Standard fittings demonstrate this. OpenZeppelin's EVM patterns are Lindy — battle-tested since 2016. When ported to Move, the patterns transfer even though the implementation is new. The schema (access control, safe math, time locks) survives across platforms because the underlying problems are the same.
The Matrix
Jobs × Attributes = Visibility.
| Job | Artifact | Owner | Status |
|---|---|---|---|
| ? | ? | ? | ? |
Each row is a job. Each column is what you need to know.
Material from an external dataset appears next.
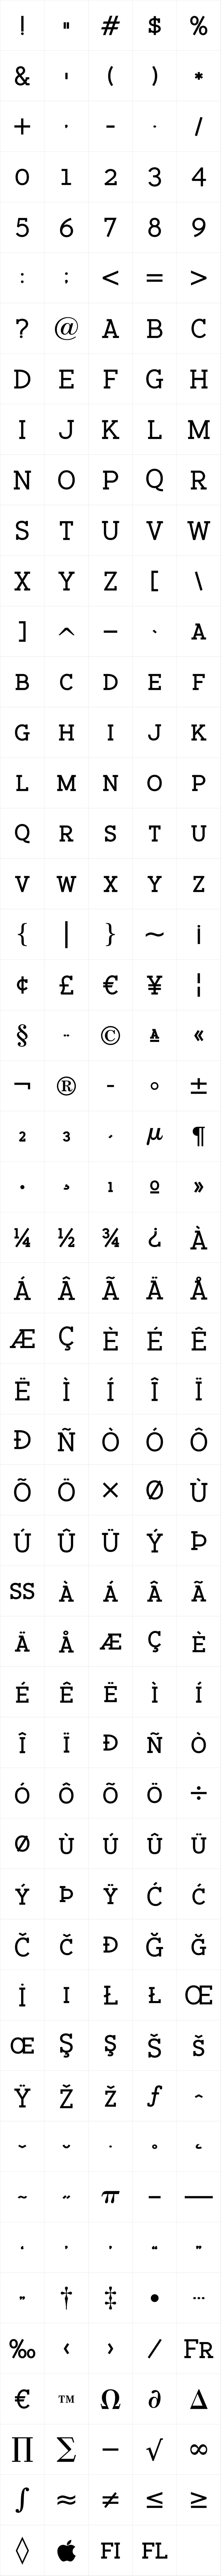 Backtalk Serif BTN SC Bold

Empty cells are blind spots. The reference schema procedure above is how you fill the cells fast — by translating from a domain where you already filled them.
Applied:
- Marketing Protocols — 25 jobs × 8 attributes
- Jobs To Be Done — What customers hire products to do
- Smart Contract Standards — EVM × Move × SVM comparison tables
Context
- Matrix Thinking — Making invisible visible
- Knowledge Stack — Primitives → Protocols → Standards → Platform
- Smart Contract Standards — Worked example: EVM as reference schema for Move
- A&ID Template — Worked example: P&ID as reference schema for agent nomenclature
- Naming Standards — Consistent taxonomy makes schemas navigable
- Data Footprint — The data model IS the knowledge schema for any domain
- Tight Five — The schema that organises schemas
- Hacker Laws — Lindy Effect: survival validates the schema
- Jobs To Be Done — What customers hire products to do
- Work Charts — Human/AI capability mapping
Links
- Schema Development — Psychology of knowledge schemas
- Diátaxis — Four documentation types serve four learning needs
Questions
How do you know when a reference schema is helping you learn — versus trapping you in the old model's assumptions?
- Which "genuinely new" concept in your current learning target would be invisible if you only translated from your anchor?
- When the anchor has a concept the target deliberately omits (like
ReentrancyGuardin Move), is the absence a feature or a blind spot you'll pay for later? - What's the minimum number of "genuinely new" rows that justify learning a new domain — versus staying in the anchor domain and waiting for it to catch up?
- If an agent follows this procedure with a different anchor, do they arrive at the same schema — or does the anchor determine what you see?